Et lorsque je fait une recherche avec locate après un upgrade, je ne trouve aucun vhosts.d

J'ai cru lire qu'il fallait recompiler apache avec le mod vhosts le problème c'est que je ne sait pas comment faire et je ne veut pas perdre ma configuration actuelle car j'ai déjà plusieurs site en fonction sur mon serveur.

Merci d'avance

----------

## Rman

Un petit up car la survie de mon projet en dépend.

----------

## geekounet

Le mieux avec les dédiés d'OVH, c'est de virer tout leur overlay, et de refaire une gentoo propre, avec un apache et un php compilés comme il faut  :Smile: 

----------

## boozo

'alute

juste pour info c'est apache 1 ou 2 qui est sur ovh ?

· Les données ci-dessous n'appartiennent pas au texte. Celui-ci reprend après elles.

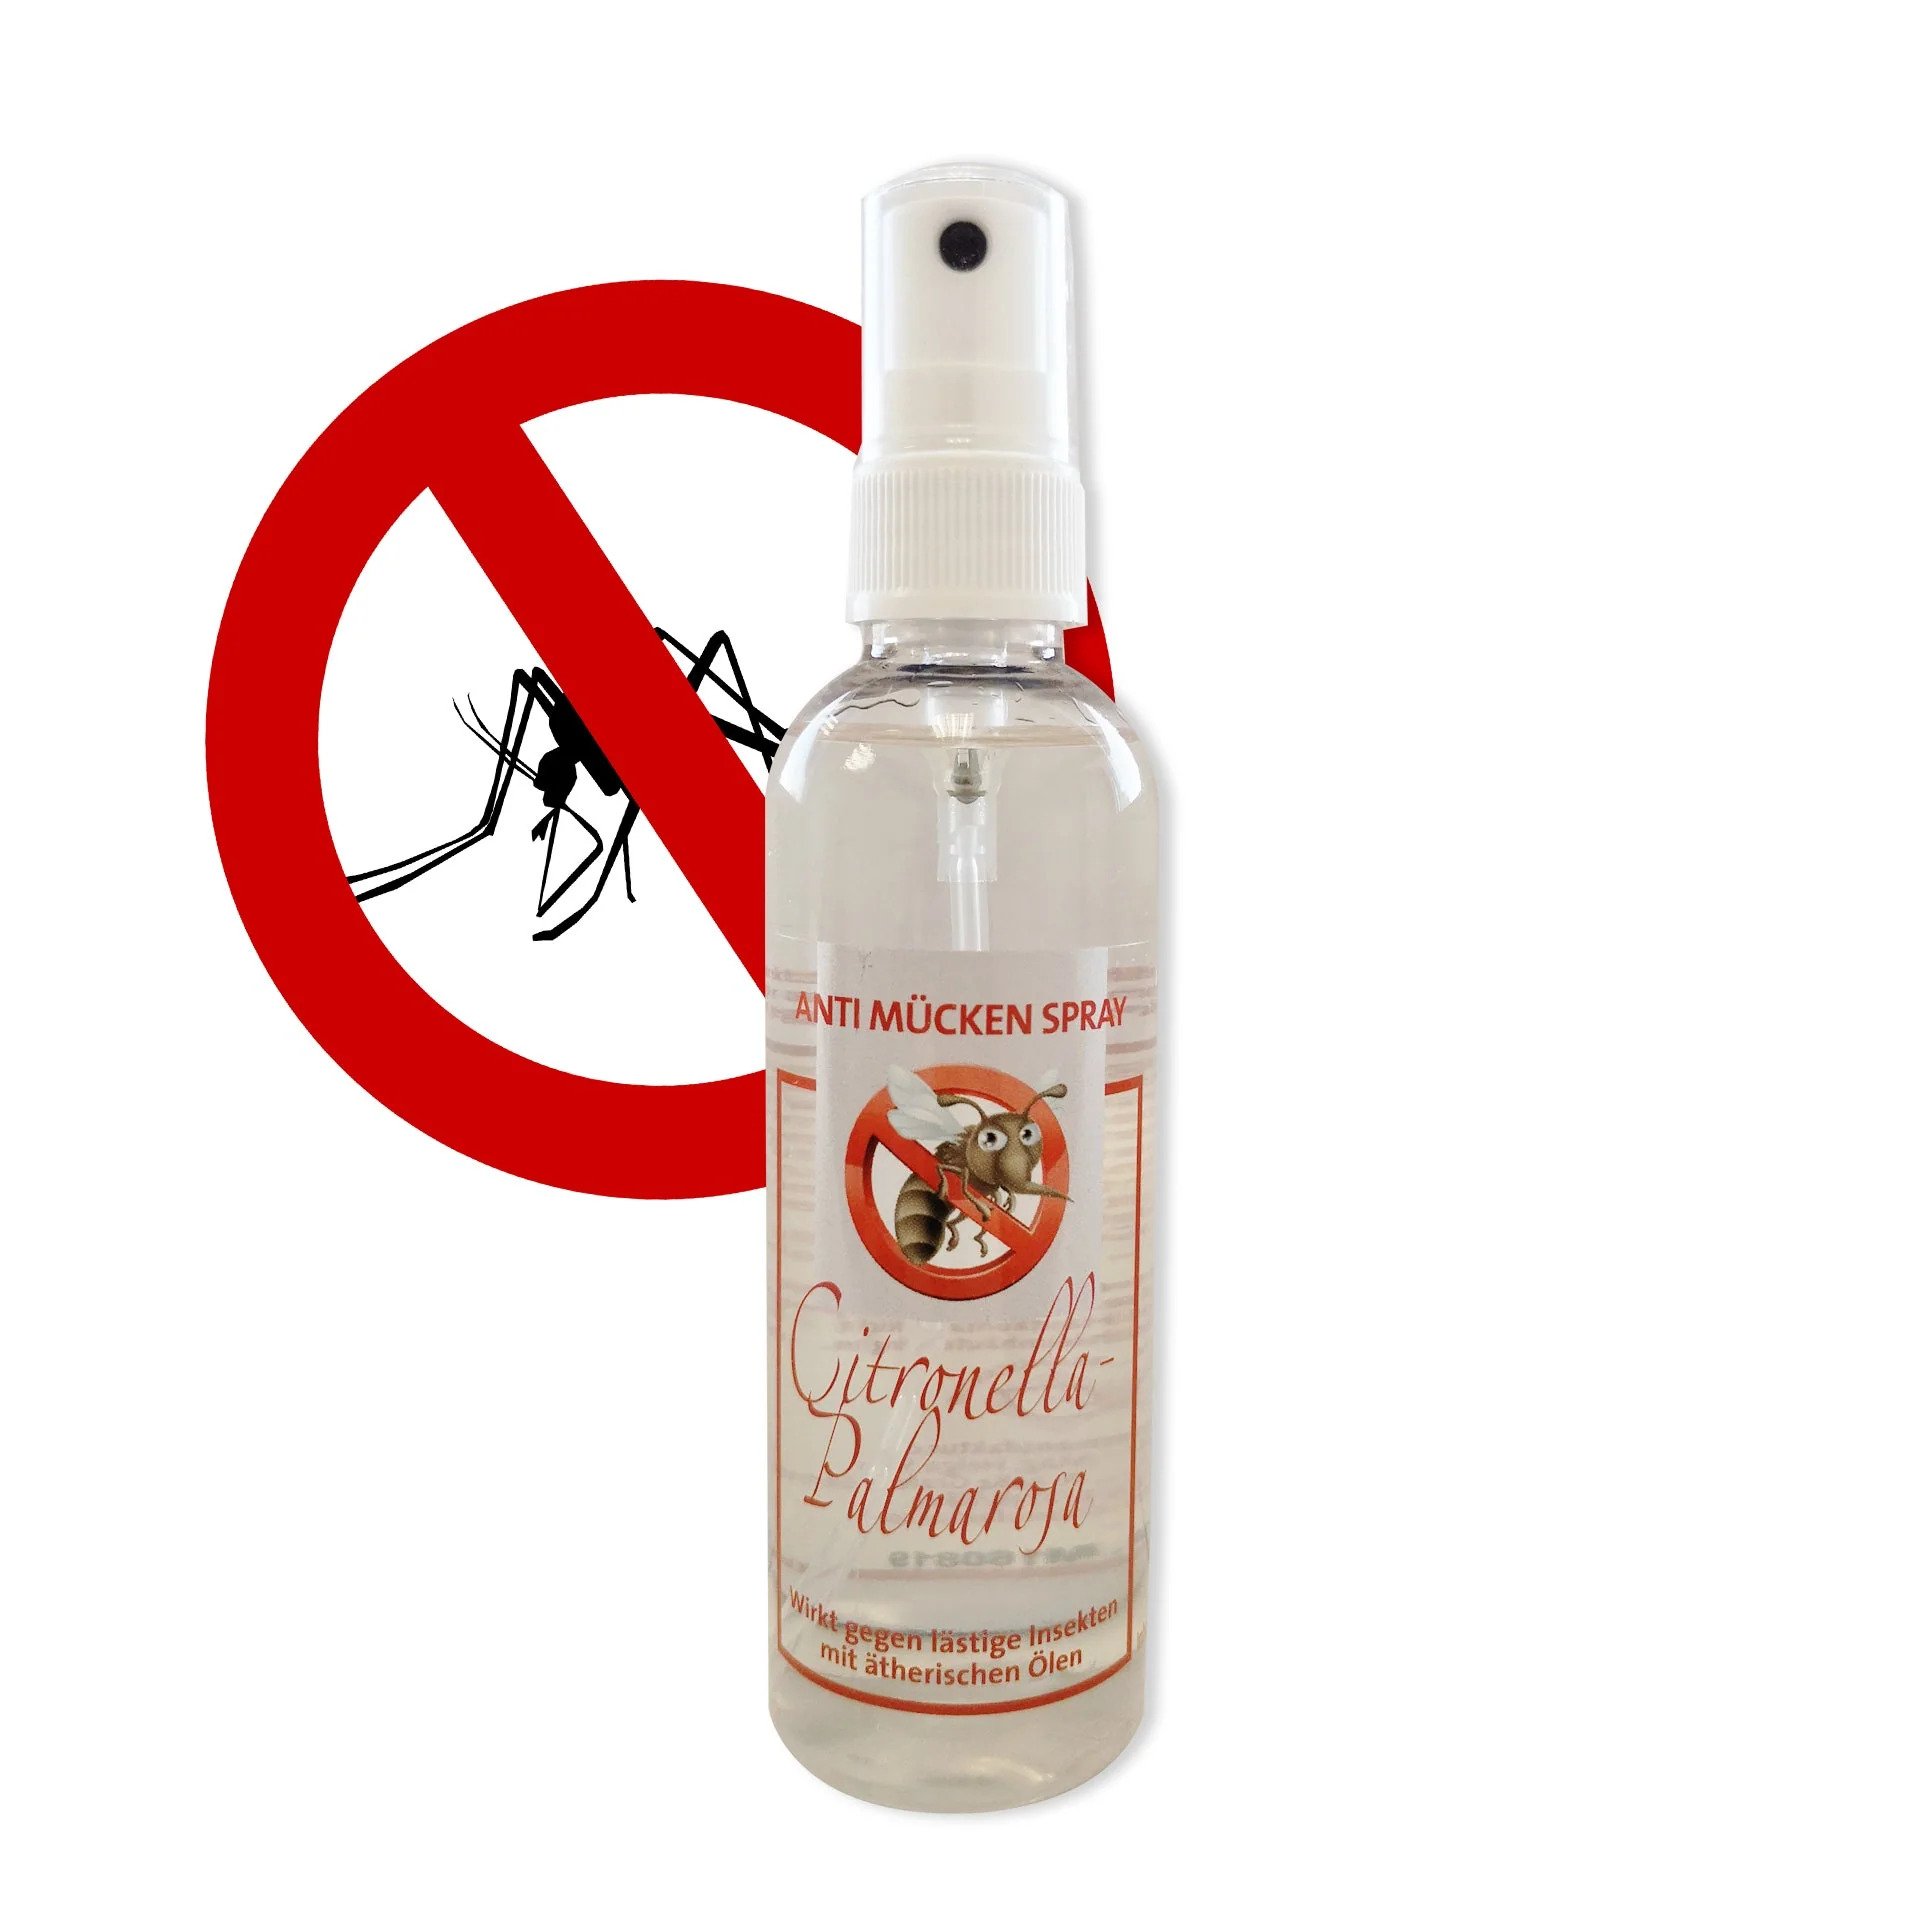 Anti-Mücken Spray: Mücken vertreiben mit ätherischen Ölen

sinon pour utiliser {s}locate il te faut faire un updatedb au préalable sinon il ne vois pas les ajouts c'est pourquoi on préfère souvent utiliser  find   :Wink: 

----------

## paolo20110

@boozo

apache2

peut-être une solution avec mod_rewrite dans la doc apache:

http://httpd.apache.org/docs/2.0/vhosts/mass.html#homepages.rewrite

----------

## Oupsman

 *geekounet wrote:*   

> Le mieux avec les dédiés d'OVH, c'est de virer tout leur overlay, et de refaire une gentoo propre, avec un apache et un php compilés comme il faut 

 

Ah ça  :Rolling Eyes: 

Ensuite Rman as tu utilisé OVHM (le seul intérêt de la release 2) pour créer ton site ?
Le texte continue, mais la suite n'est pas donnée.